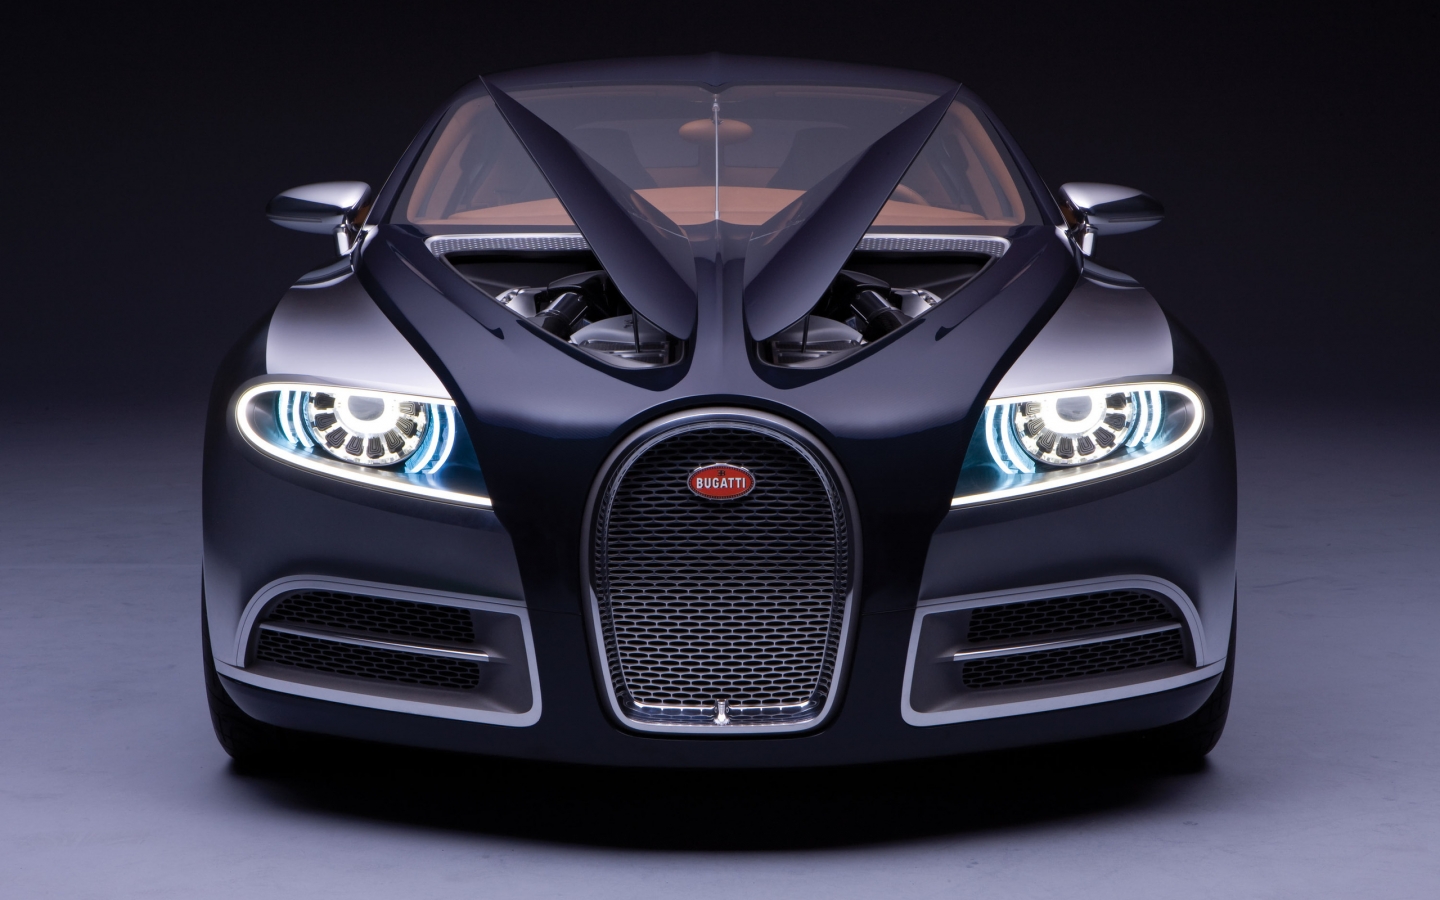 Bugatti for 1440 x 900 widescreen resolution
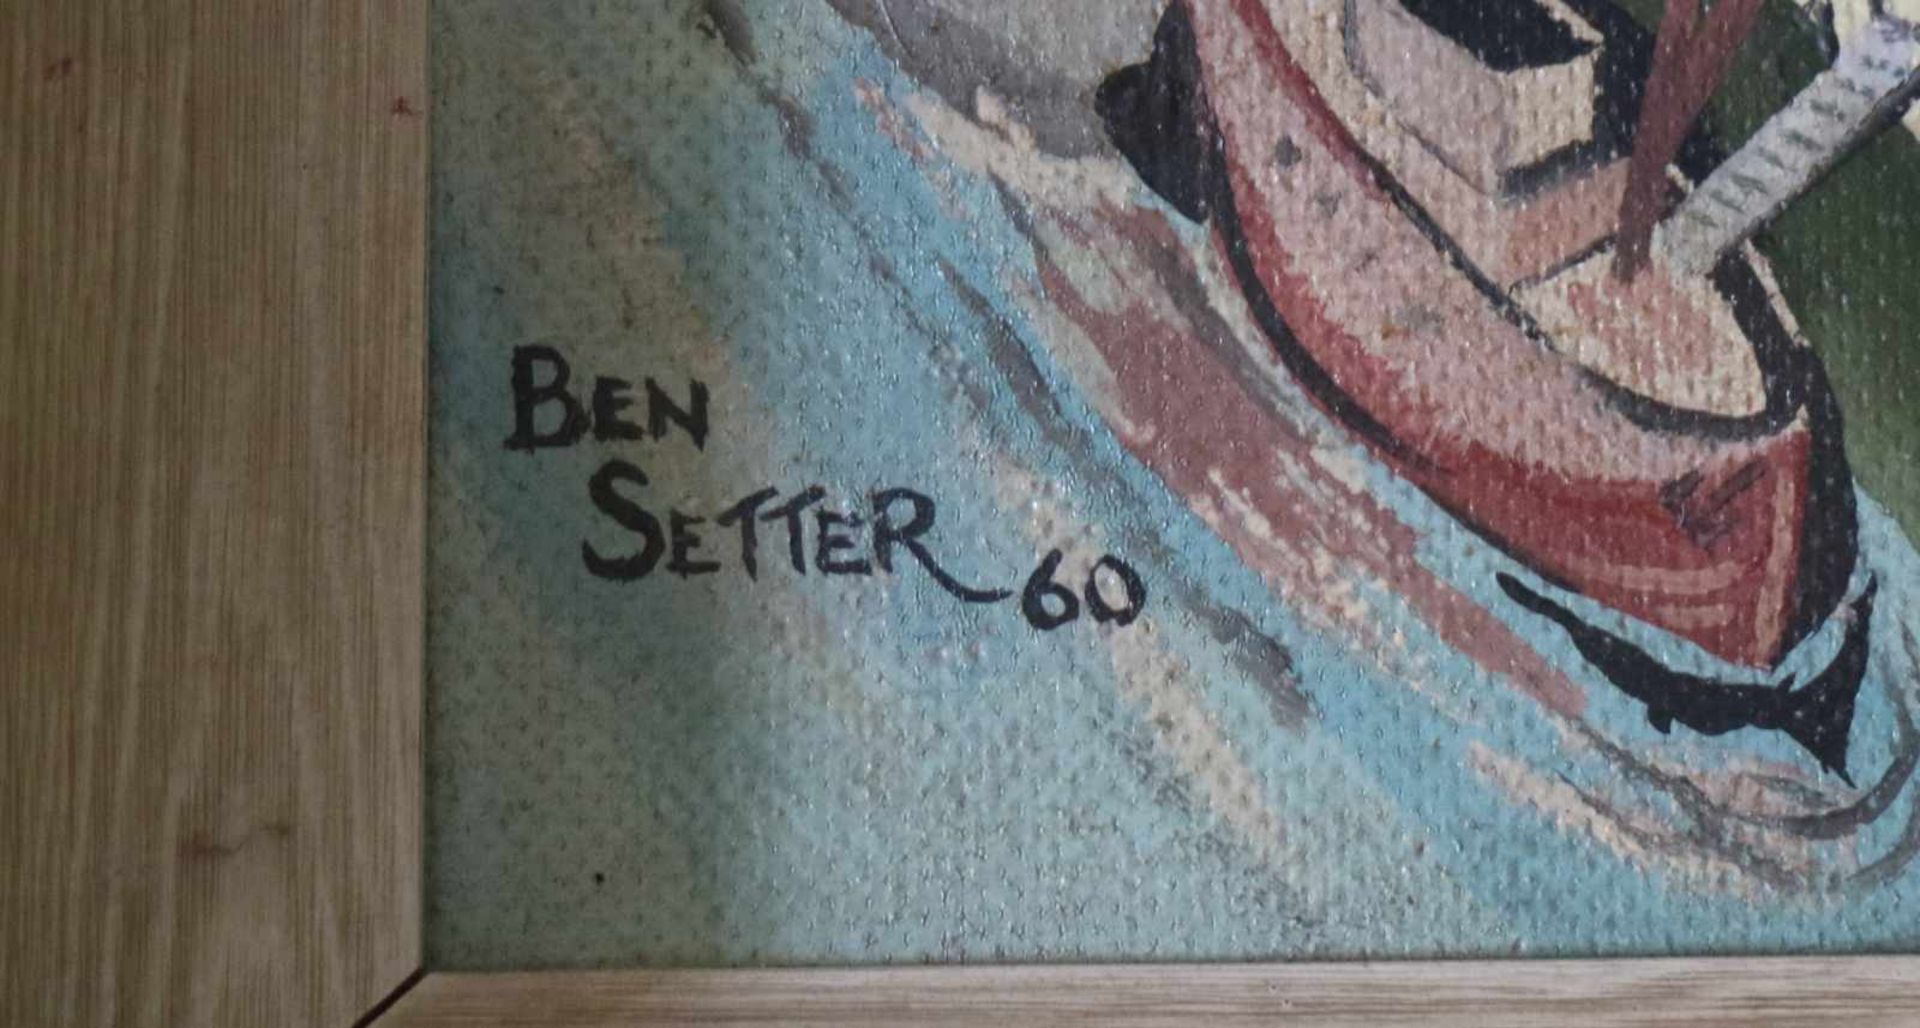 Ben Setteroil on canvas Landscape 196055 x 45 cm - Bild 3 aus 4
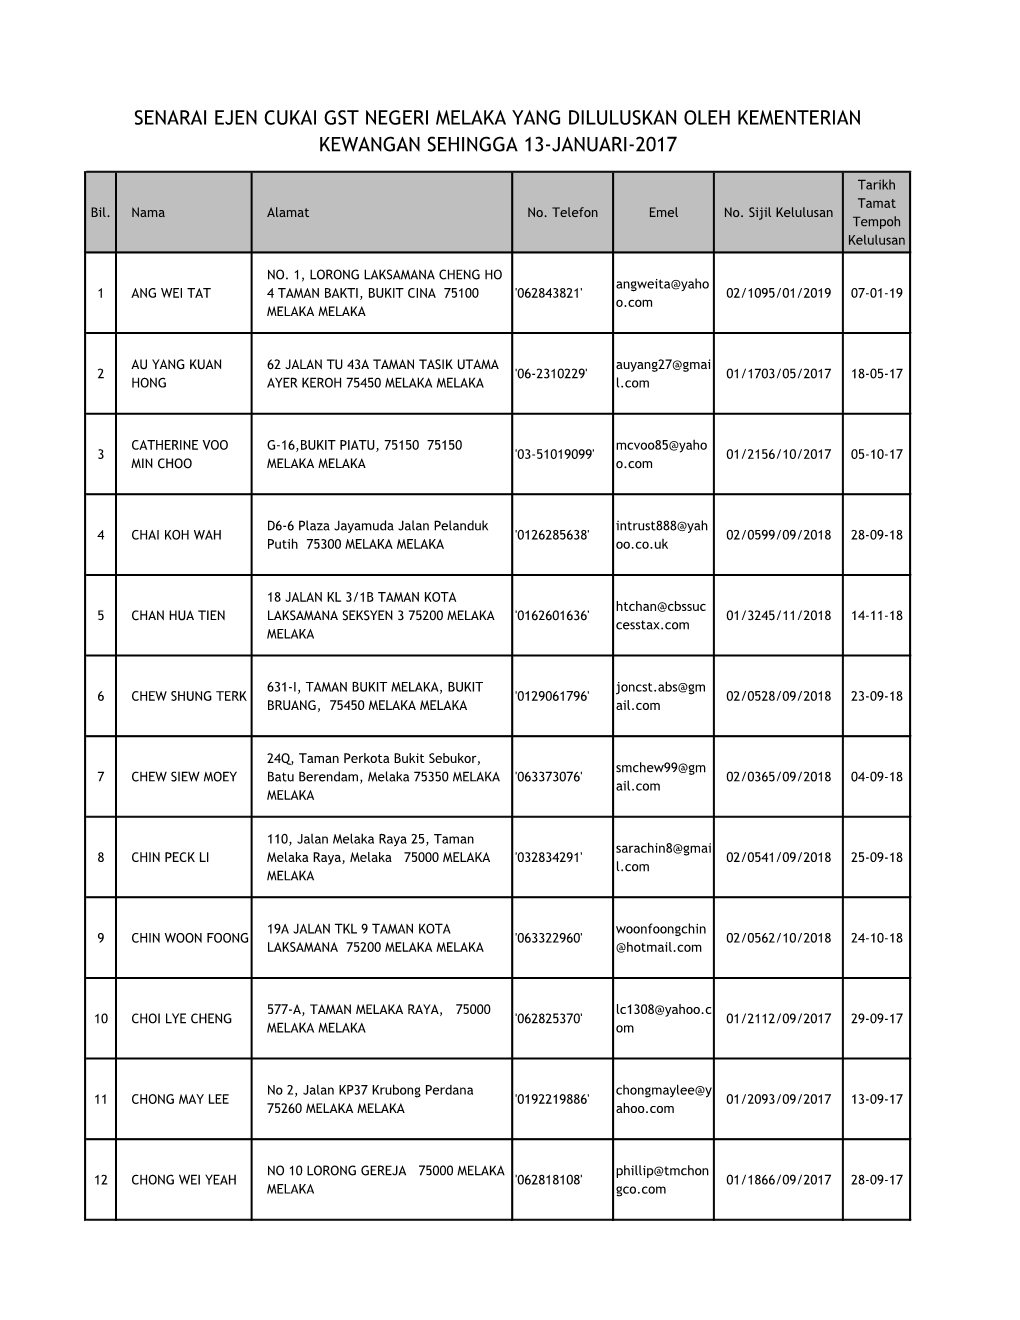 Senarai Ejen Cukai Gst Negeri Melaka Yang Diluluskan Oleh Kementerian Kewangan Sehingga 13-Januari-2017

•••

▶ **TASK DIRECTIONS**
Omit pictures; set down the rest of the material word for word.

▶ **ANSWER TO THE PROBLEM**
 Bugatti for 1440 x 900 widescreen resolution
 Ben Setteroil on canvas Landscape 196055 x 45 cm - Bild 3 aus 4
 Senarai Ejen Cukai Gst Negeri Melaka Yang Diluluskan Oleh Kementerian Kewangan Sehingga 13-Januari-2017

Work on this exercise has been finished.